I get that, I just get hot over the boiling water for my tea situation.
well….thats clearly not a coffee machine i built
mine would scorch your fingers off
it would!
but also…holy shit…you arent trusted with hot water?
hahahaha,,,i thought i had it bad with my safety knife
@sedevilc
Get decent double walled thermos and brew at home. I’ve been doing it for years.
There’s a documentary called “hot coffee” that is worth your time. And it may help explain why your work only give you like warm water.
The story behind the McDonald’s coffee incident is SO incredibly different than we were all led to believe, back when the case went to trial! 🙃
I was in high school when she got burned, and a senior the year the case went to trial–we were all led to believe that Ms. Liebeck’s case was a frivolous lawsuit…

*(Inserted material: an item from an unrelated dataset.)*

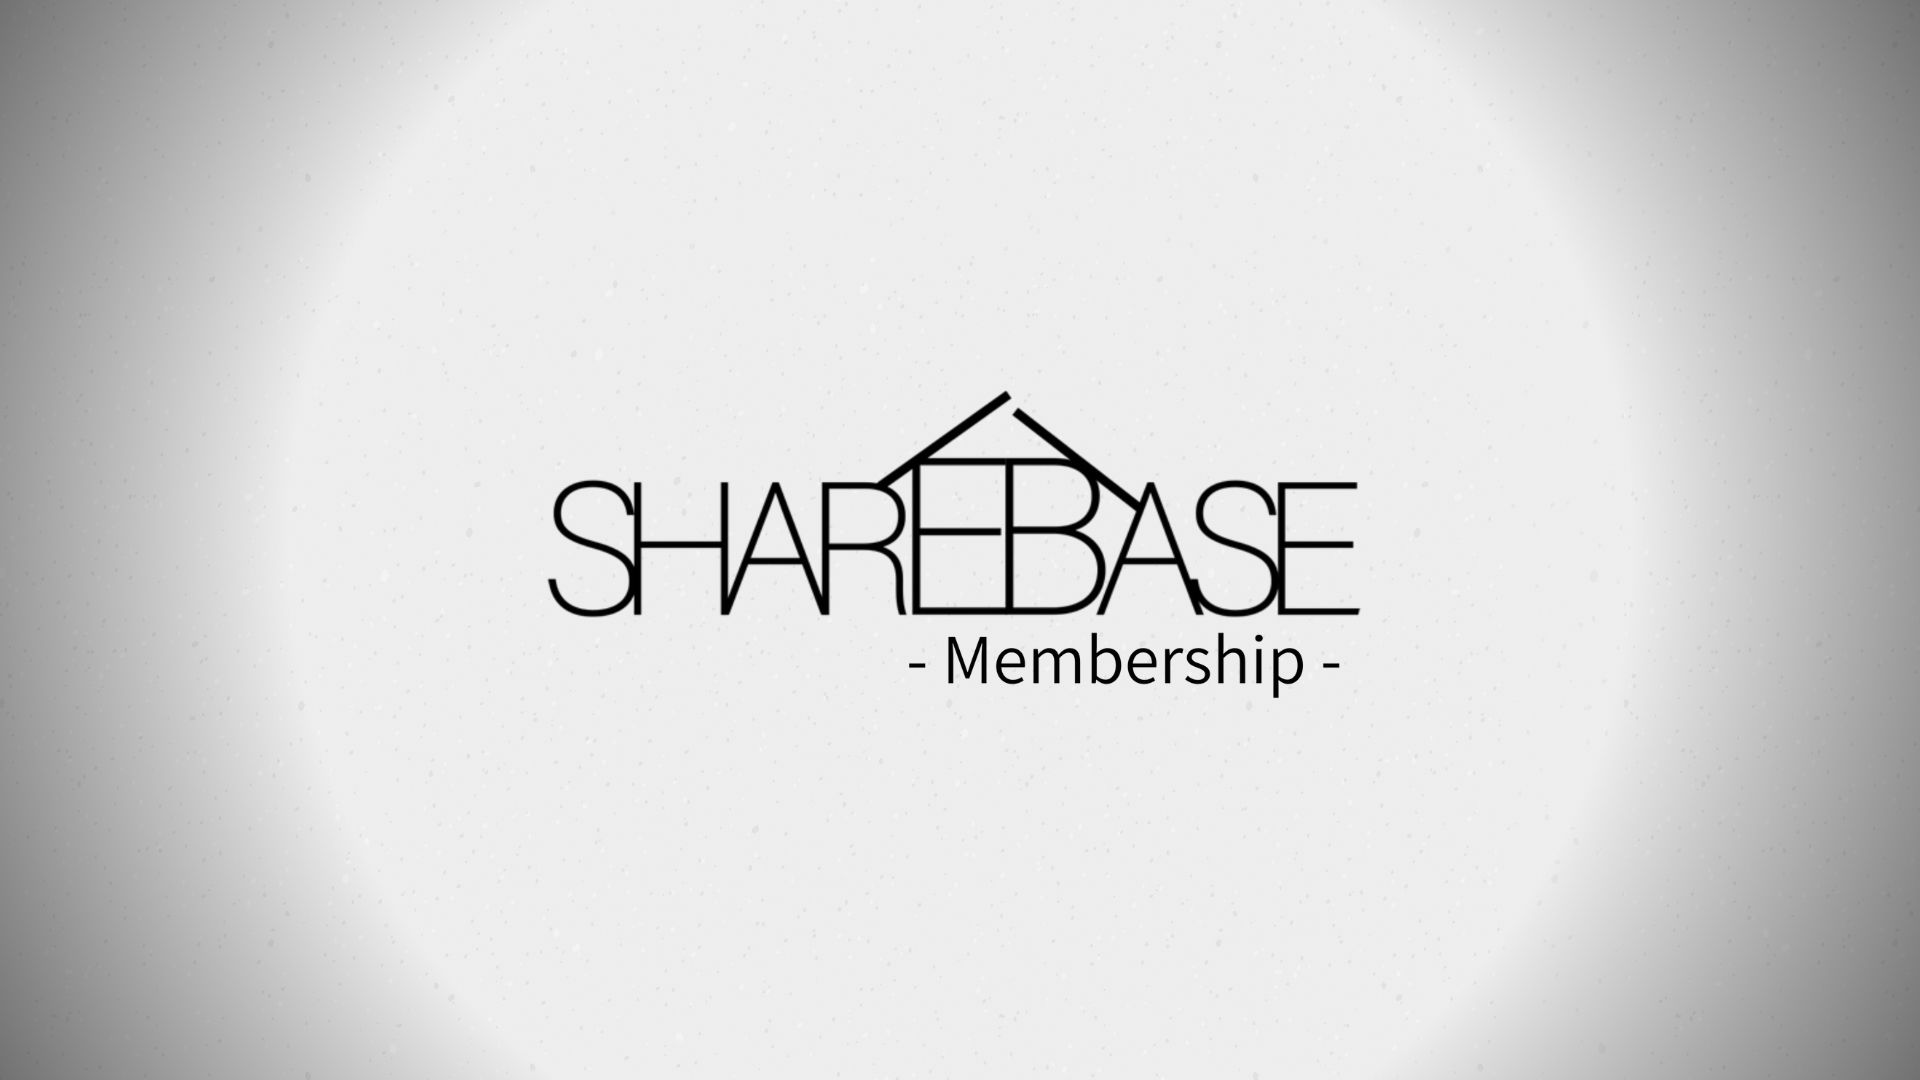 課題解決への第一歩！ SHARE BASE Membershipによる新たなチャレンジとは？

It wasn’t until after the documentary came out, and the case started being talked about again, that so many of us learned she got 3rd degree burns, and needed skin grafts!😲😳🤯
It was treated like such a joke, back in the 90’s, and that all makes it so awful in hindsight–that not only was she injured, but that she basically was turned into a punchline, too😕🥺💔
…that’s a fair point…but I think it’s also fair to expect coffee to be scalding?
…so it’s not that I’m not sympathetic to the extent she was injured so much as I don’t think the warning actually warns anyone…it just insulates the company from liability
…I forget the details but I always wondered why they didn’t sue on the basis that the packaging (which is to say the takeaway cup) was the problem rather than the temperature of the coffee?

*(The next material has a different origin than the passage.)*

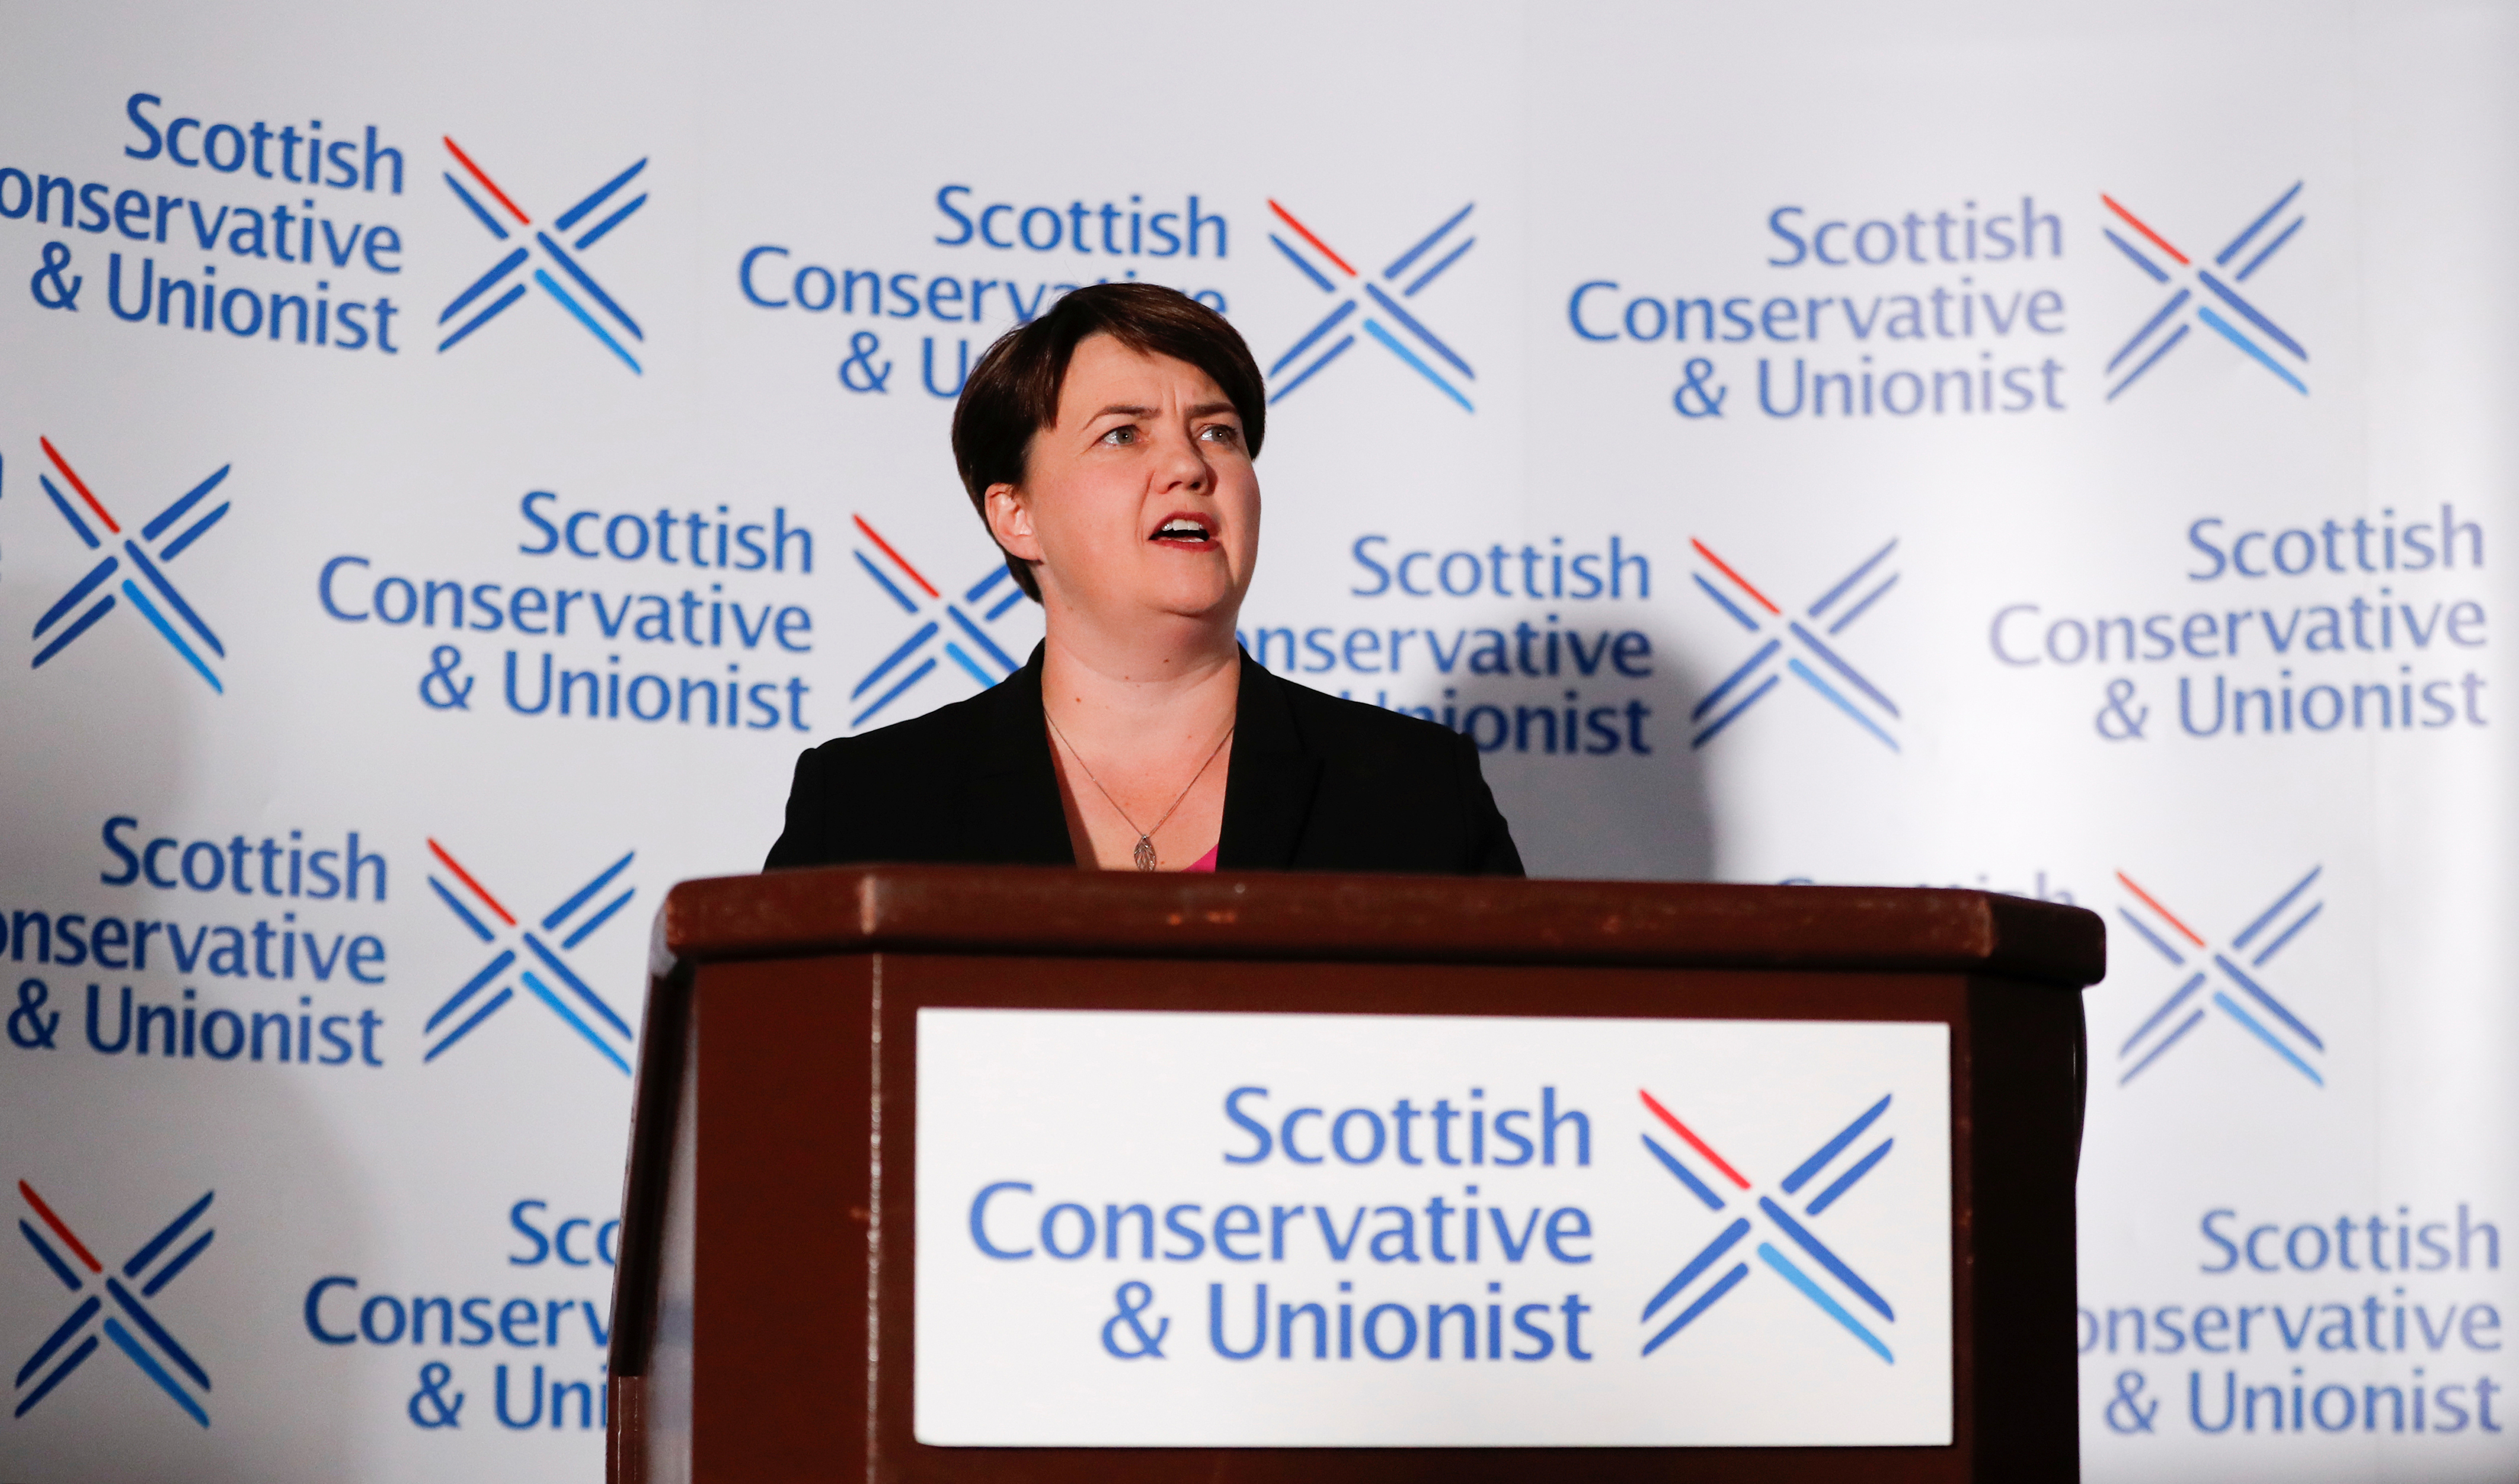 Dimiteix la líder dels conservadors escocesos després de la suspensió del Parlament

oh god…im sorry…i rabbit holed
ended up here
oh thats fucking hilarious
oh god…im sorry…i rabbit holed
ended up here
oh thats fucking hilarious
great….double posted…so now im hogging even more space with my inane shit
whoop whoop!
…well…I did say it felt like the post needed more tunes
…that’ll learn me to think I have time for coffee
time for coffee?
*bounces*
yeah you might wanna make it a strong one
…it really is amazing how many shots of espresso you can fit in a regular sized coffee cup…well…mug might be a more accurate term?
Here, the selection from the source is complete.